I started to write TclTutor before Win 95 came out (1995), and before a Tcl port for MS Windows was available. Thus, I did not put any support for MS Windows into TclTutor. Once Tcl was ported to MS Windows, however, there were many requests that TclTutor run in the MS Windows environment.
The changes to support MS Windows were mostly simple, but affected much of the package.
Renaming the files was tedious and uninteresting.
Removing the exec
's of Unix (tm) programs was a bit more challenging, but most
of the functionality I needed had already been provided by the Sun team.
Only two pieces of code needed re-writes to replace their Unix (tm) equivalents.

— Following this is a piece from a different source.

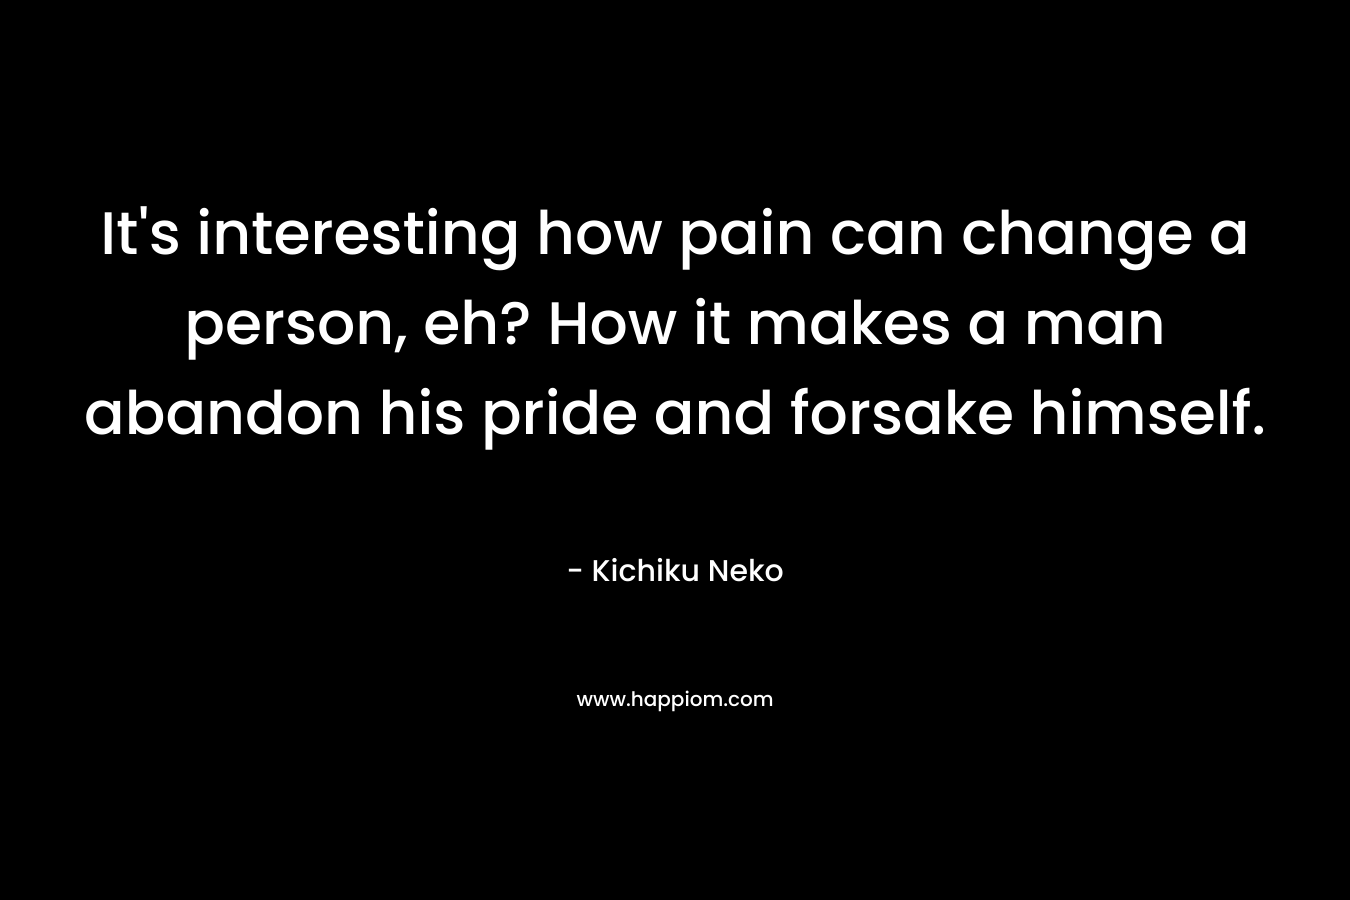 It's interesting how pain can change a person, eh? How it makes a man abandon his pride and forsake himself.

One was the grep for lesson titles, as discussed previously, and the other
was the invocation of TkMan.
One of my design goals for TclTutor was to allow students to gain
hypertextual access to more information about commands at the click of a
button. Under Unix (tm), I did this by exec
'ing a copy of Tom Phelps TkMan
program. Under MS Windows it turns out that one can provide similar
functionality by exec
'ing winhlp32.exe.
The most challenging problem was to evaluate the lessons within the MS Windows environment.
When the TclTutor project was started, child interpreters were not
available, and in order to keep an example program with errors from
crashing the TclTutor, I decided to exec
a new copy of the wish interpreter to interpret
the example script, and then parse the standard output and standard
error to display the success or failure of the example code. This happy
choice made it very easy to extend TclTutor into other
languages, as described above.
Unfortunately, the Win 95 environment doesn't distinguish between stdout and stderr. This makes distinguishing errors from legitimate output a challenging task.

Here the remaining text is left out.